THE DATA:

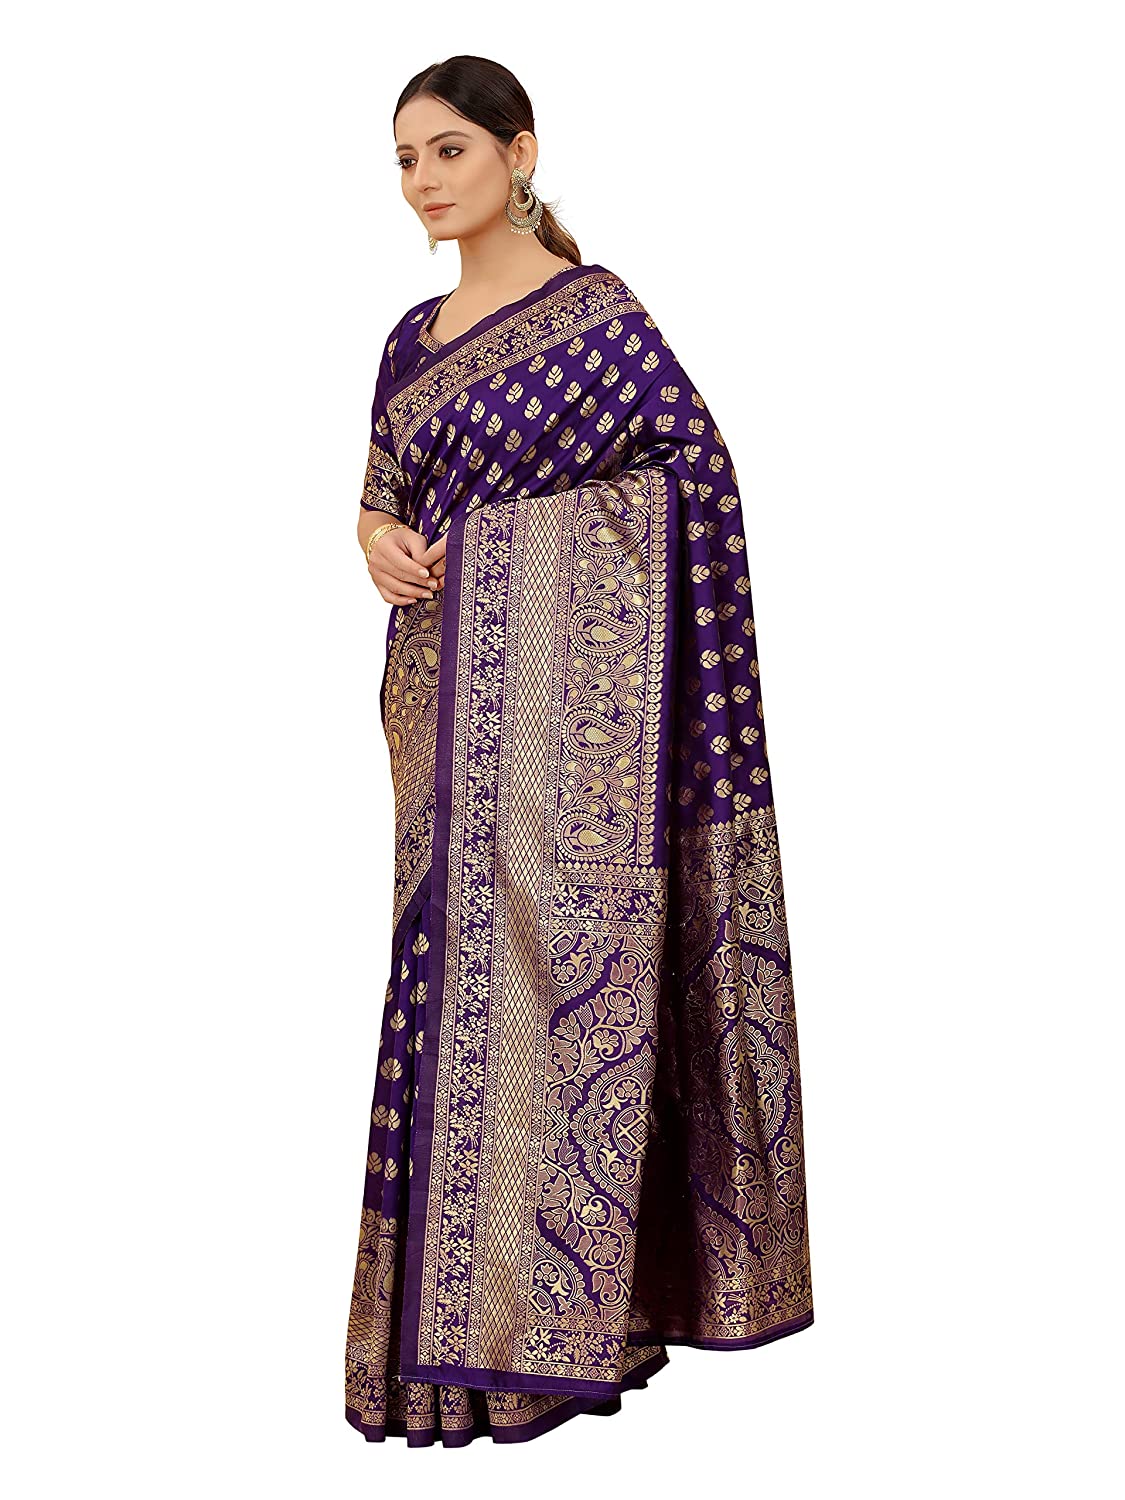 Women’s Daily/Party/Wedding/Casual Wear Rapier Jacquard Banarasi Cotton Silk Saree With Jacquard Designed Unstitched Blouse Piece.
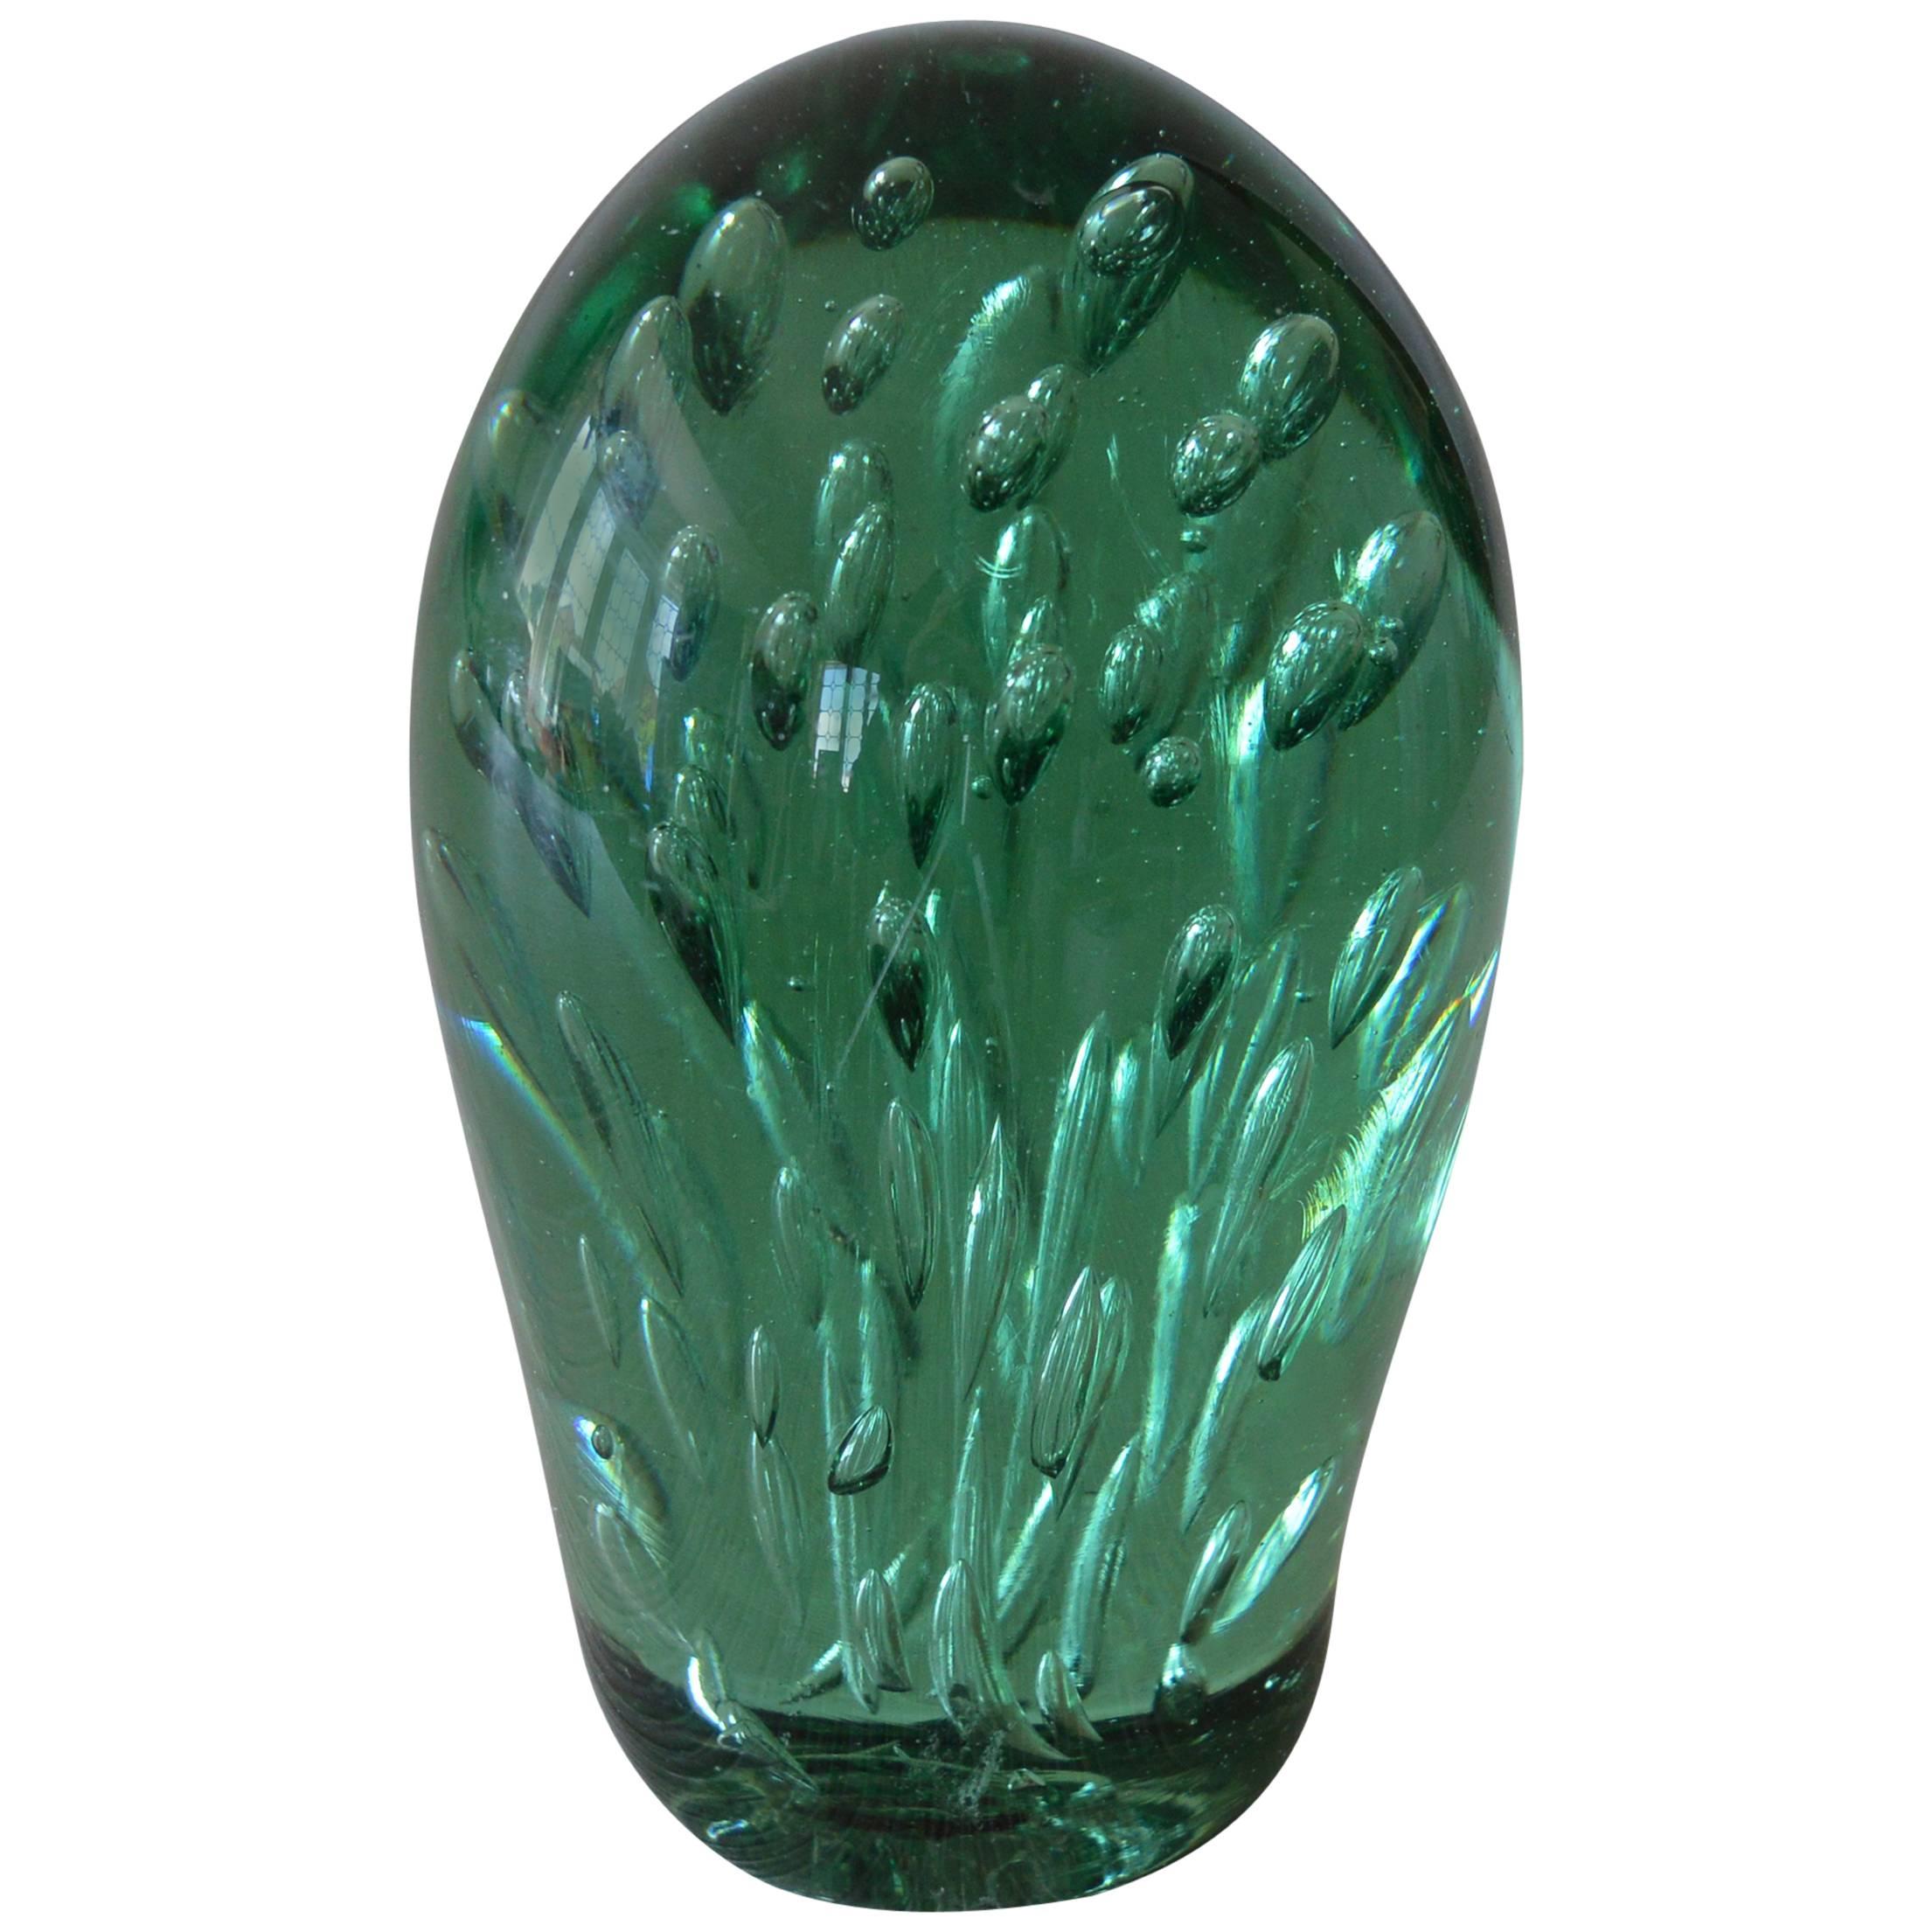 Striking Antique Green Glass Sculpture, English, 19th Century
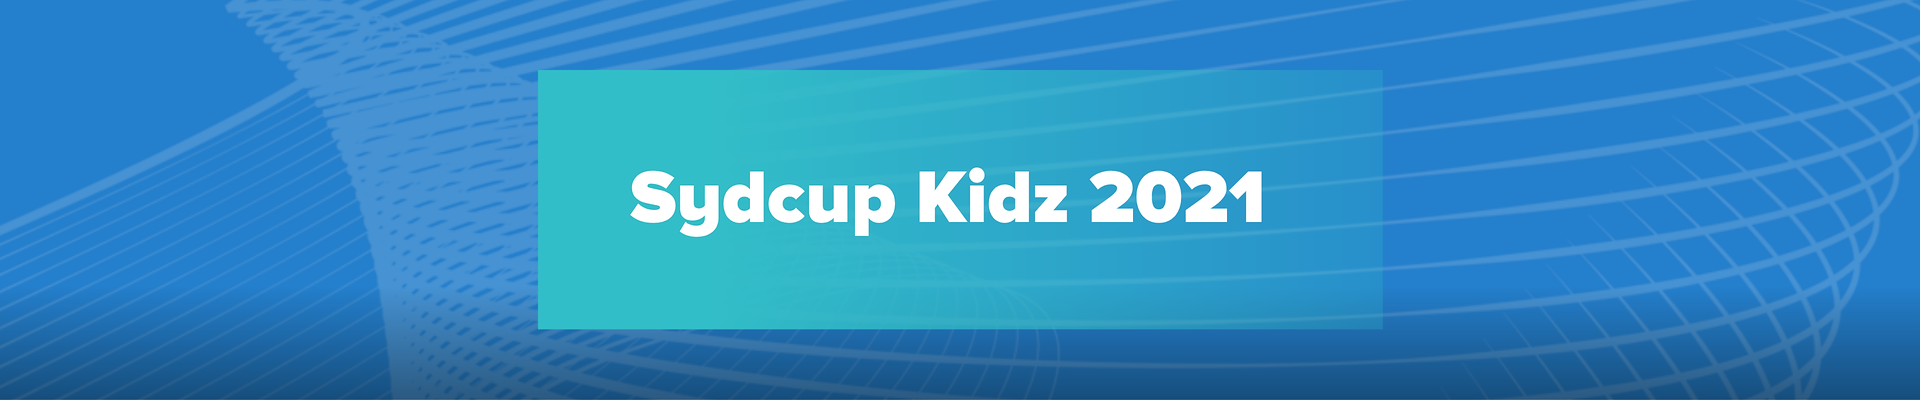 Syd Cup Kidz 2021 Samlet

PROBLEM DESCRIPTION: Starting at the line that holds "Striking Antique Green", retype every line through the end of the data, both ends included. Pictures stay out of the copy.

RESULT OF THIS EXERCISE:
 Striking Antique Green Glass Sculpture, English, 19th Century
 Syd Cup Kidz 2021 Samlet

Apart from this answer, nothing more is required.